§ Assignment
Everything in the records below from the line containing "Kit/Panou Solar de" through the line containing "Customize Astros Jersey w/ Bugs Bunny" is to be reproduced exactly, those two lines included; no picture is to be copied.

§ Information supplied

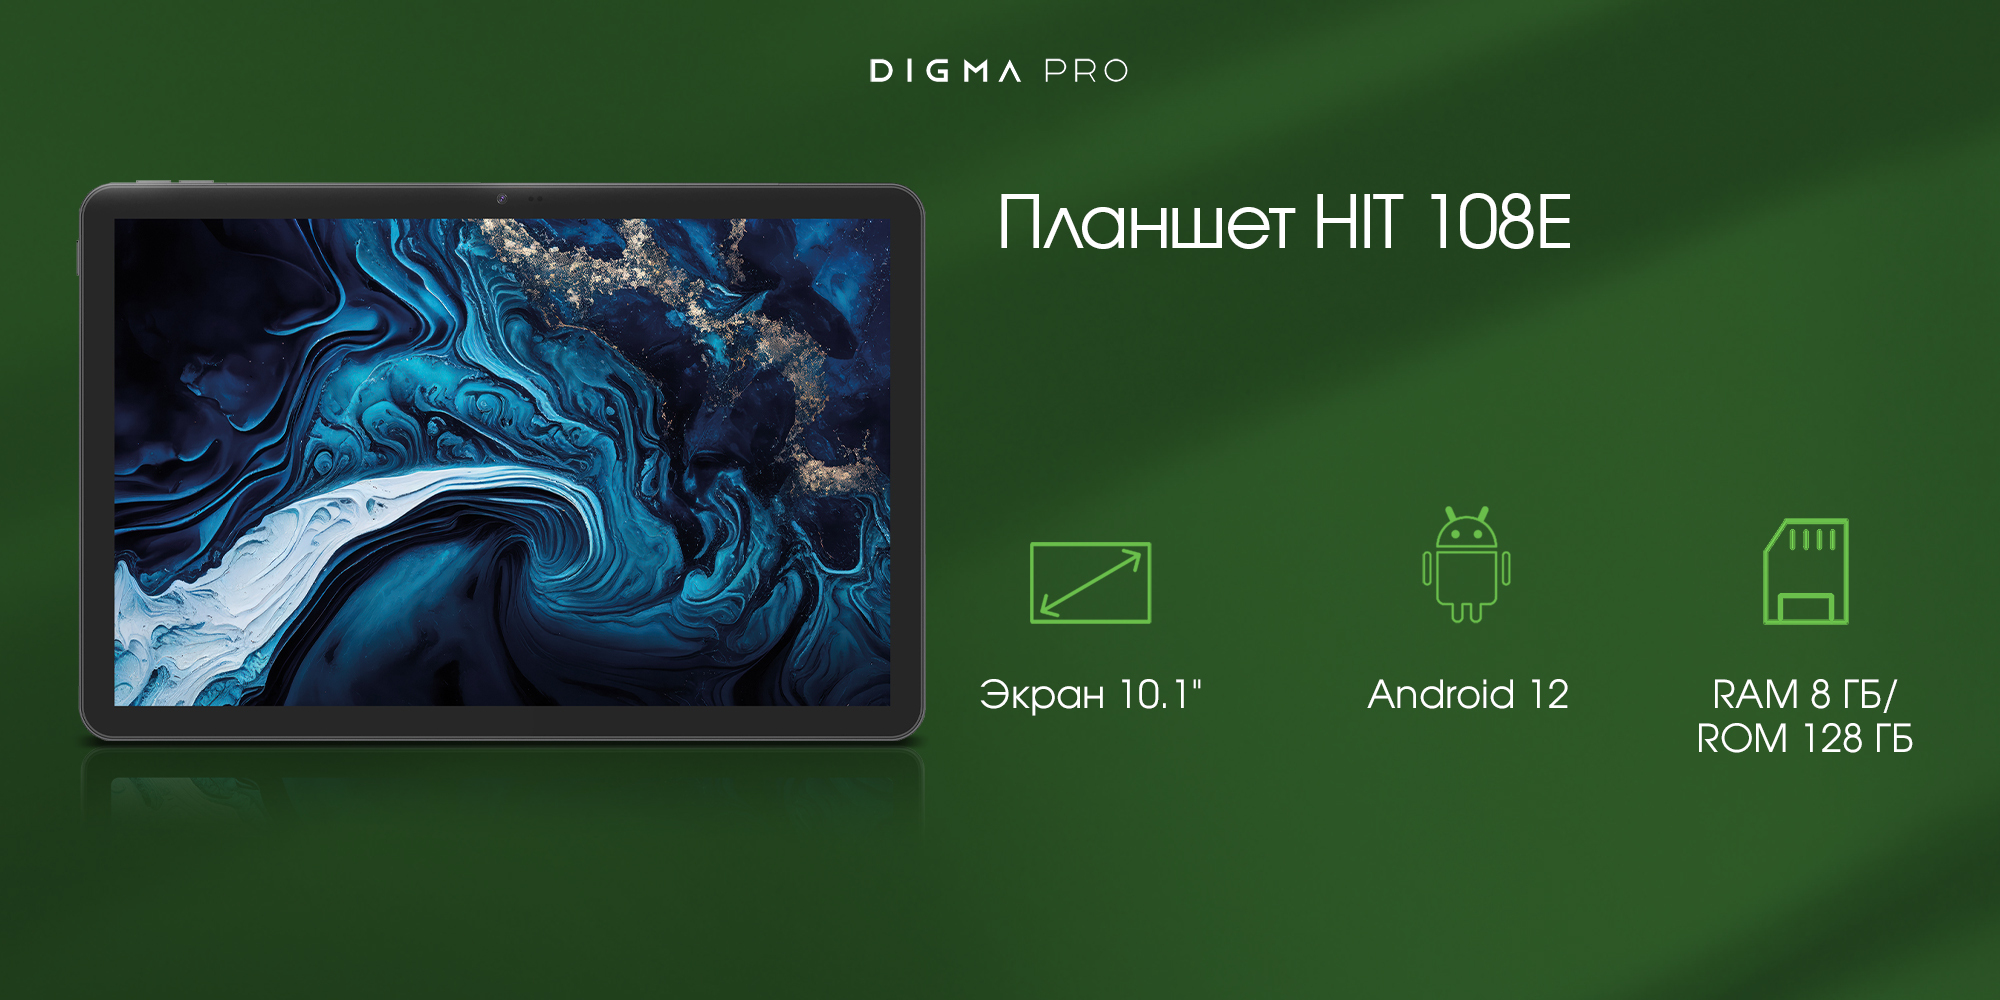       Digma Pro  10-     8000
---
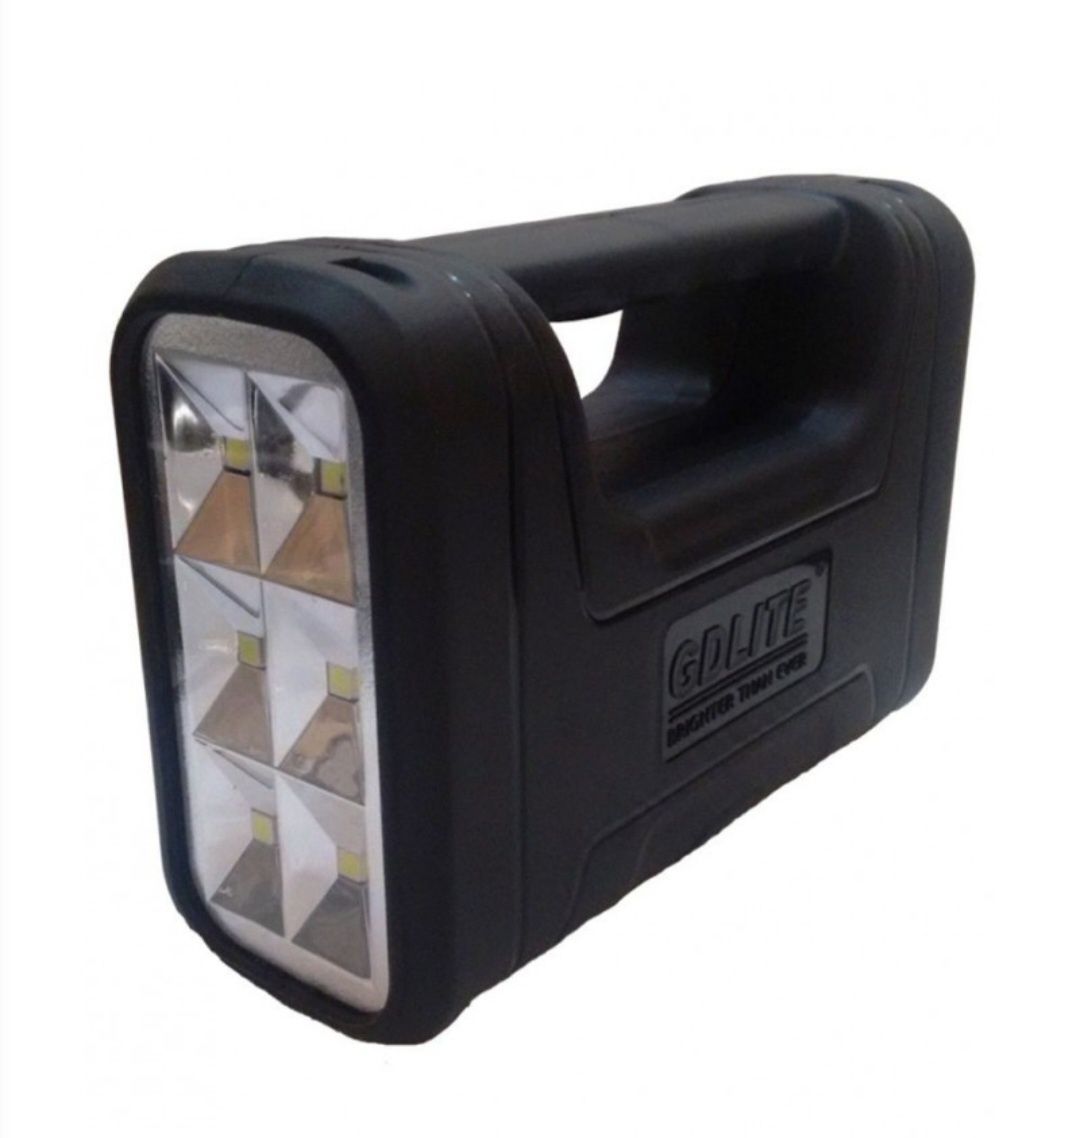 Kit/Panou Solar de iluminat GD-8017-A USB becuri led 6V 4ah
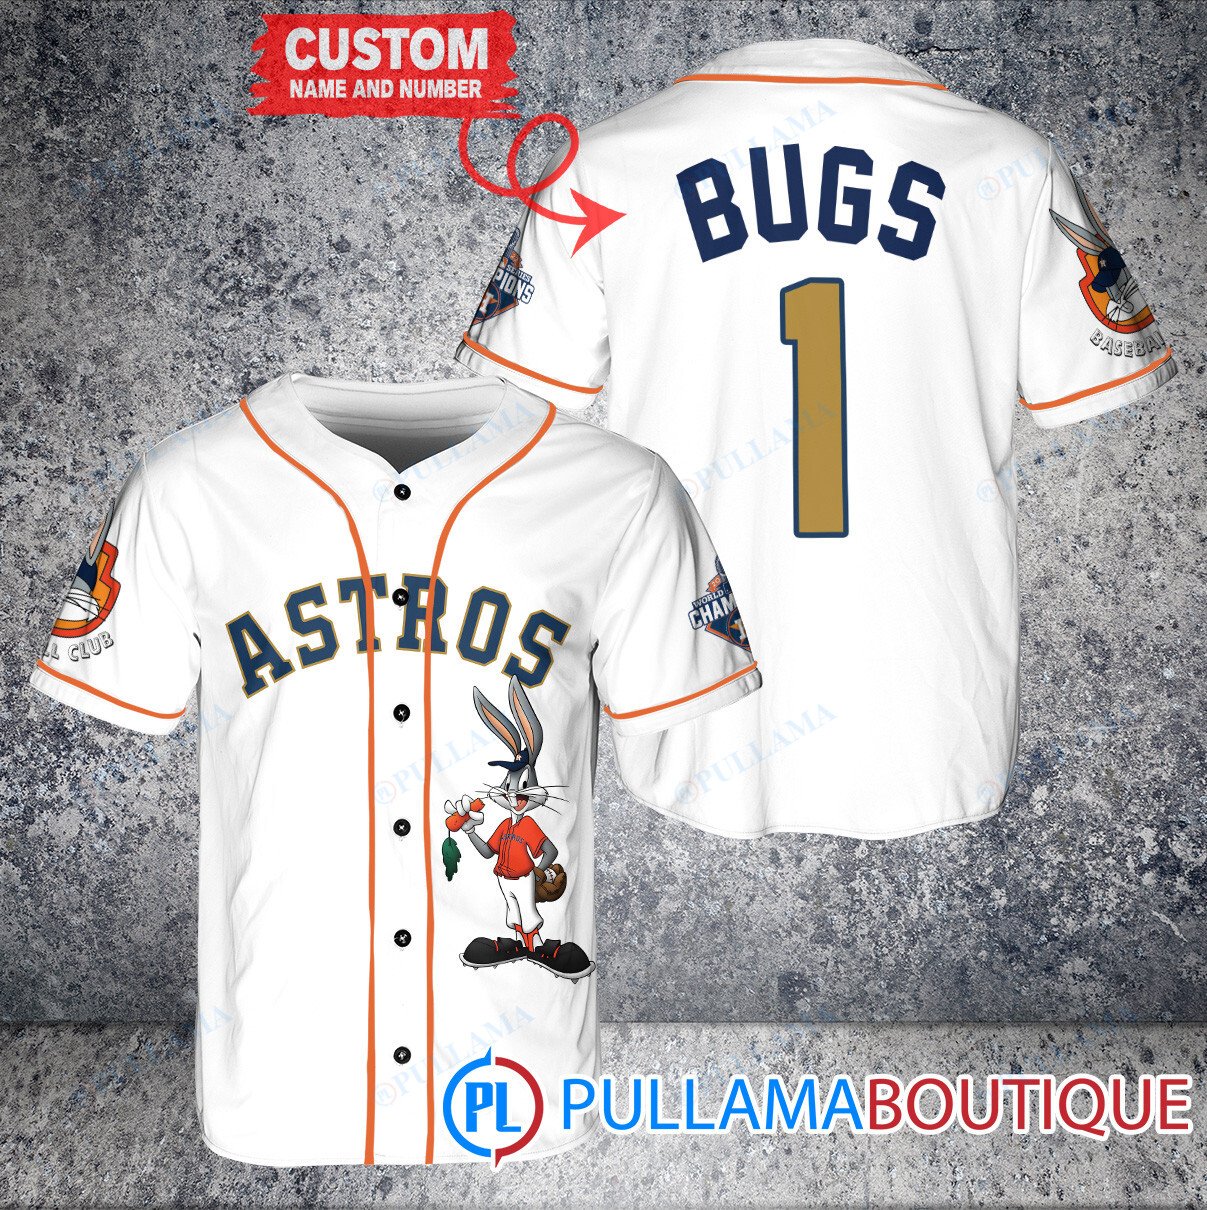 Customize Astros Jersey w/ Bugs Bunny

§ Output of the exercise
 Kit/Panou Solar de iluminat GD-8017-A USB becuri led 6V 4ah
 Customize Astros Jersey w/ Bugs Bunny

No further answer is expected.